Author : Kevin Lane Dearinger
Publisher : Rowman & Littlefield
Page : 607 pages
File Size : 27,6 MB
Release : 2016-07-29
Category : Literary Criticism
ISBN : 1611479487
Clyde Fitch (1865-1909) was the most successful and prolific dramatist of his time, producing nearly sixty plays in a twenty-year career. He wrote witty comedies, chaotic farces, homespun dramas, star vehicles, historical works, stark melodramas, and adaptations of European successes, but he was best known for his society plays, mirroring themes found in the novels of Henry James and Edith Wharton. In fact, Fitch collaborated with Wharton on a stage adaptation of her House ofMirth. He was also a gay man, although that gentler adjective was not the term of his time. He was bullied in school and baited by critics throughout his career for what they supposed of his private life. He responded with impressive strength and integrity. He was, at least for a short time, Oscar Wilde’s lover, and Wilde influenced his early plays, but Fitch’s study of Ibsen and other European dramatists inspired him to pursue the course of naturalism. As he became more successful, he took greater control of the staging and design of his plays. He was a complete man of the theatre and among the first names enrolled in New York’s theatrical hall of fame.
Author : D. Krasner
Publisher : Springer
Page : 394 pages
File Size : 30,48 MB
Release : 2016-09-27
Category : History
ISBN : 1137066253
The Harlem Renaissance was an unprecedented period of vitality in the American Arts. Defined as the years between 1910 and 1927, it was the time when Harlem came alive with theater, drama, sports, dance and politics. Looking at events as diverse as the prizefight between Jack Johnson and Jim 'White Hope' Jeffries, the choreography of Aida Walker and Ethel Waters, the writing of Zora Neale Hurston and the musicals of the period, Krasner paints a vibrant portrait of those years. This was the time when the residents of northern Manhattan were leading their downtown counterparts at the vanguard of artistic ferment while at the same time playing a pivotal role in the evolution of Black nationalism. This is a thrilling piece of work by an author who has been working towards this major opus for years now. It will become a classic that will stay on the American history and theater shelves for years to come.

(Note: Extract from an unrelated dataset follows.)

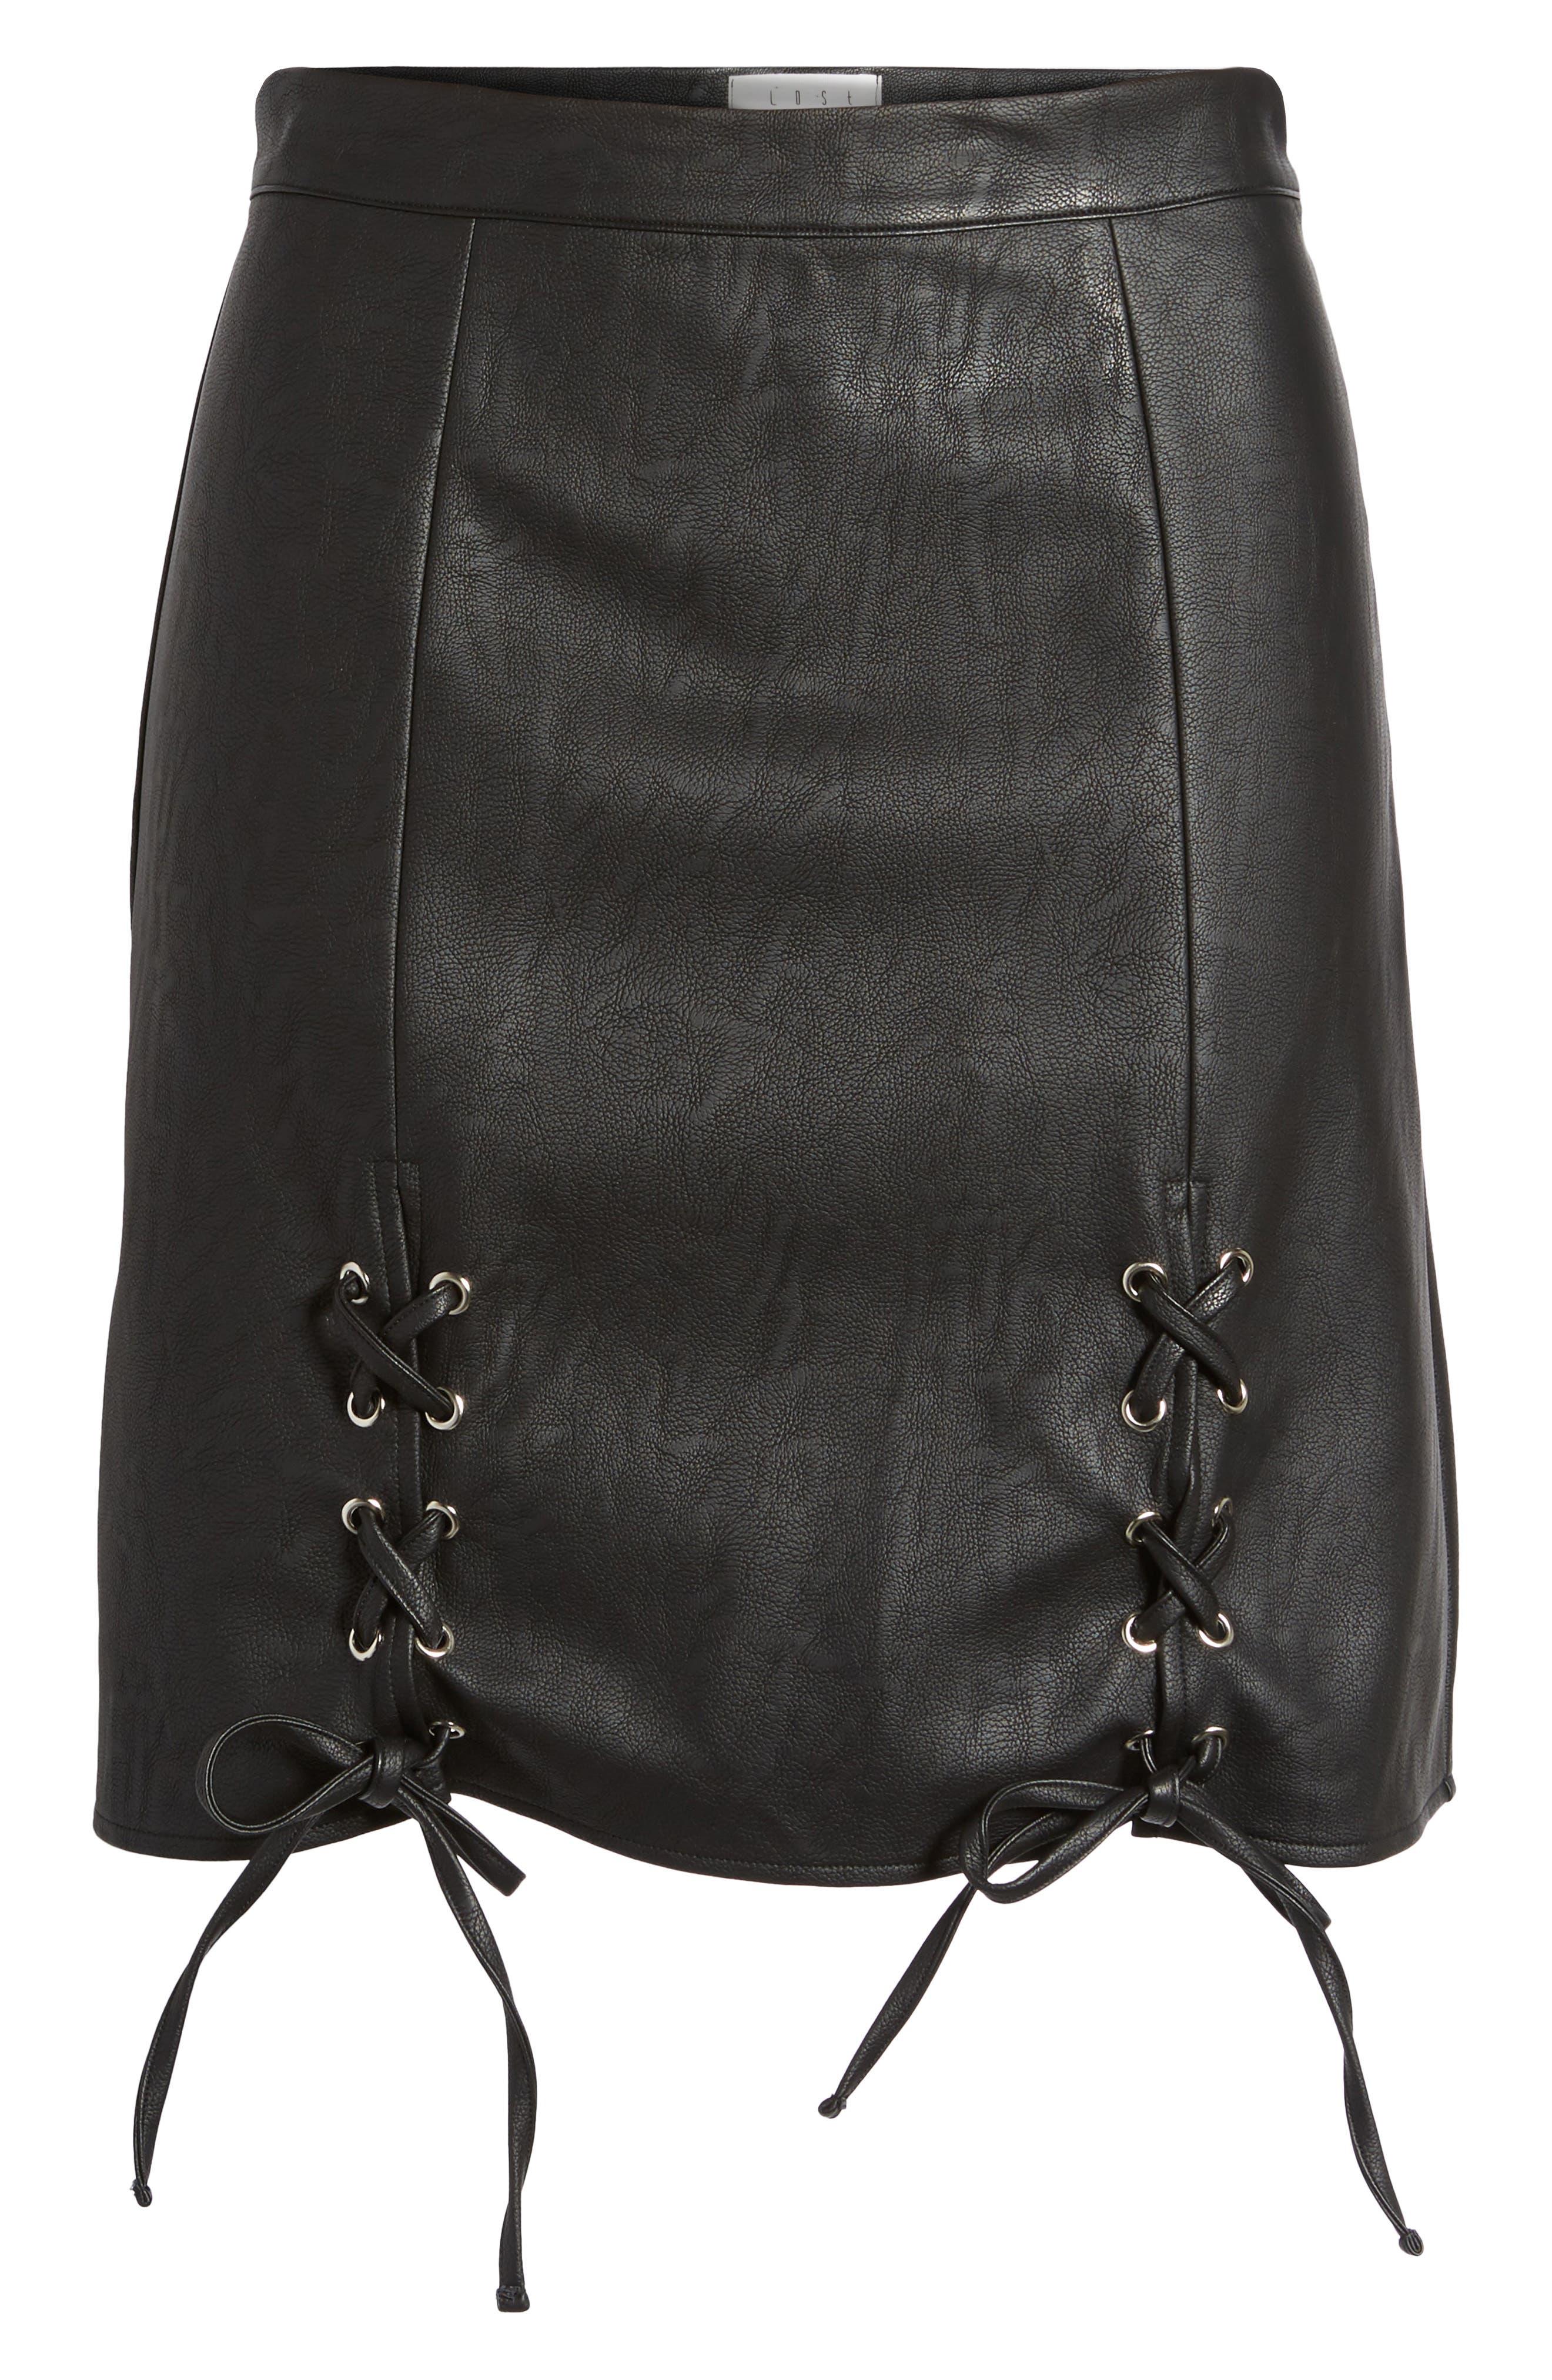 Dakota Lace Up Faux Leather Skirt,                             Alternate thumbnail 7, color,                             Black
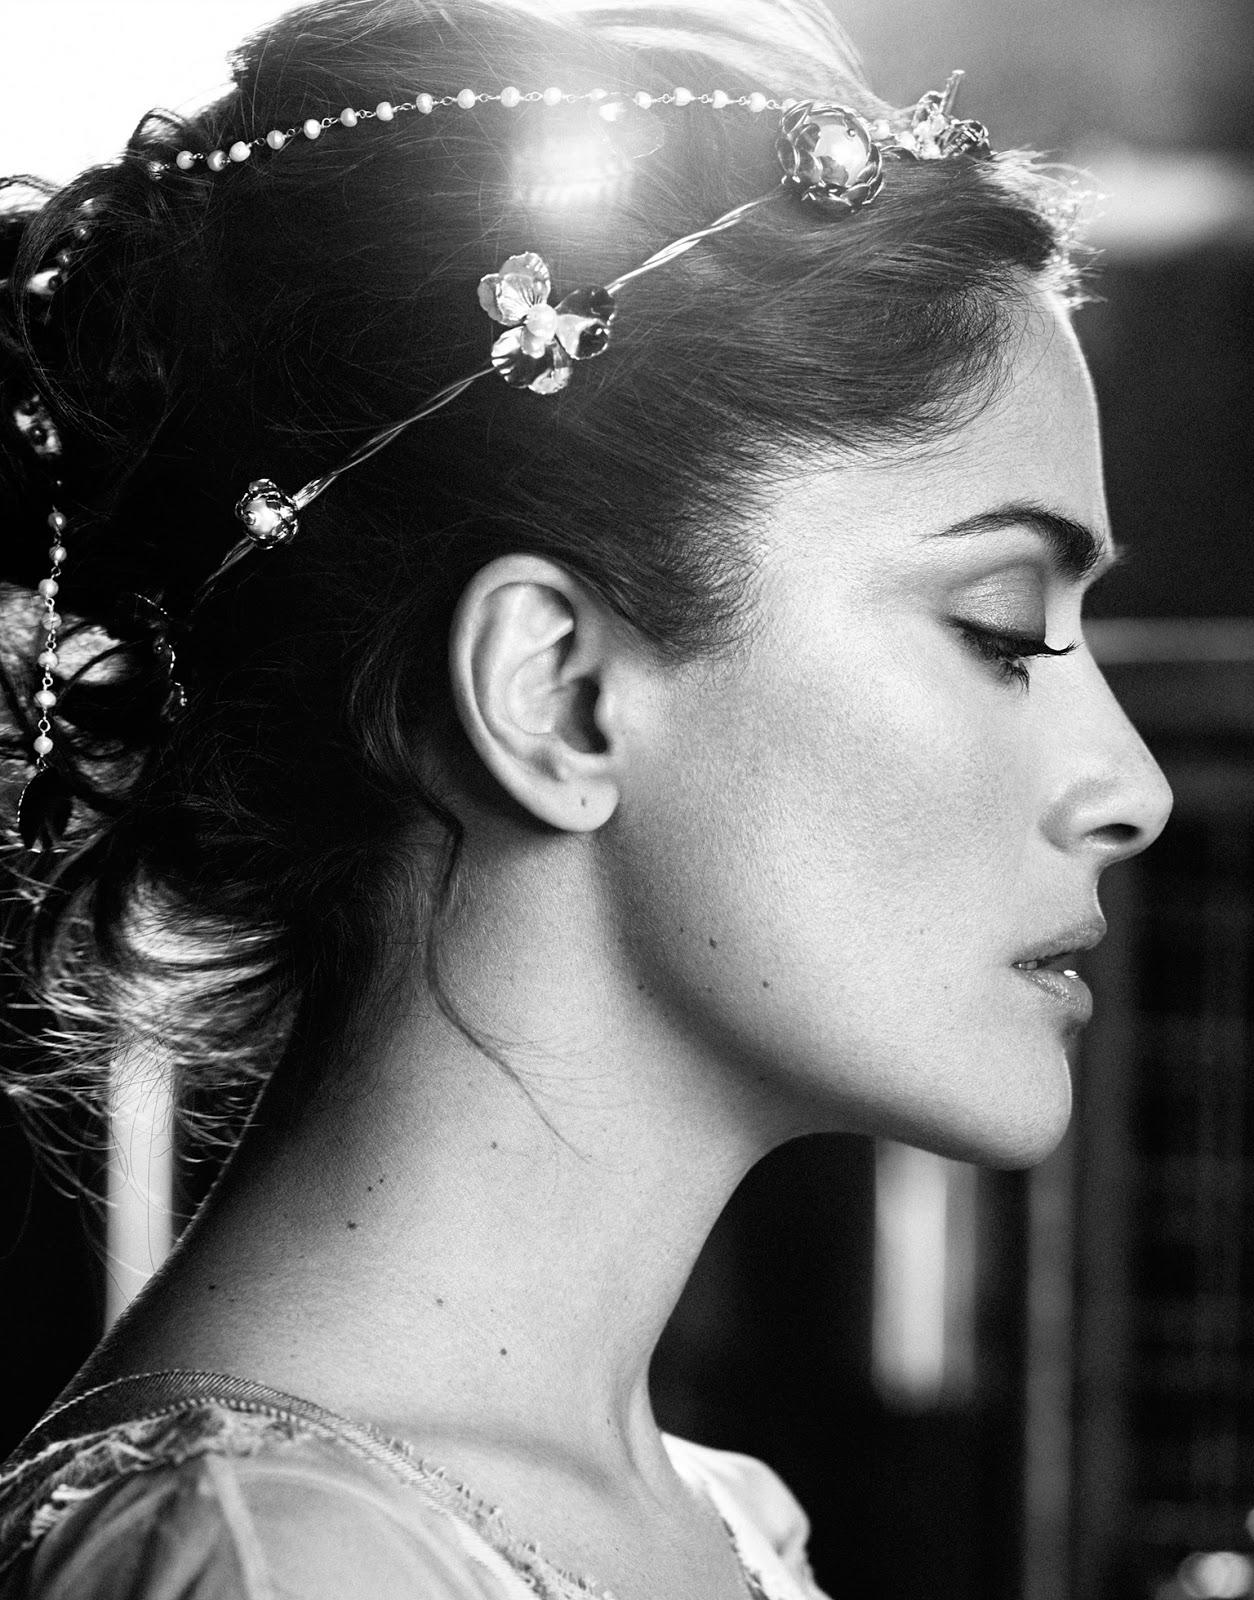 Лучшие фото Сальмы Хайек из разных фотосессий

Author : Donatella Galella
Publisher : University of Iowa Press
Page : 333 pages
File Size : 45,40 MB
Release : 2019-03-15
Category : Performing Arts
ISBN : 1609386256
2020 Barnard Hewitt Award, honorable mention Washington D.C.’s Arena Stage was the first professional regional theatre in the nation’s capital to welcome a racially integrated audience; the first to perform behind the Iron Curtain; and the first to win the Tony Award for best regional theatre. This behind-the-scenes look at one of the leading theatres in the United States shows how key financial and artistic decisions were made, using a range of archival materials such as letters and photographs as well as interviews with artists and administrators. Close-ups of major productions from The Great White Hope to Oklahoma! illustrate how Arena Stage navigated cultural trends. More than a chronicle, America in the Round is a critical history that reveals how far the theatre could go with its budget and racially liberal politics, and how Arena both disputed and duplicated systems of power. With an innovative “in the round” approach, the narrative simulates sitting in different parts of the arena space to see the theatre through different lenses—economics, racial dynamics, and American identity.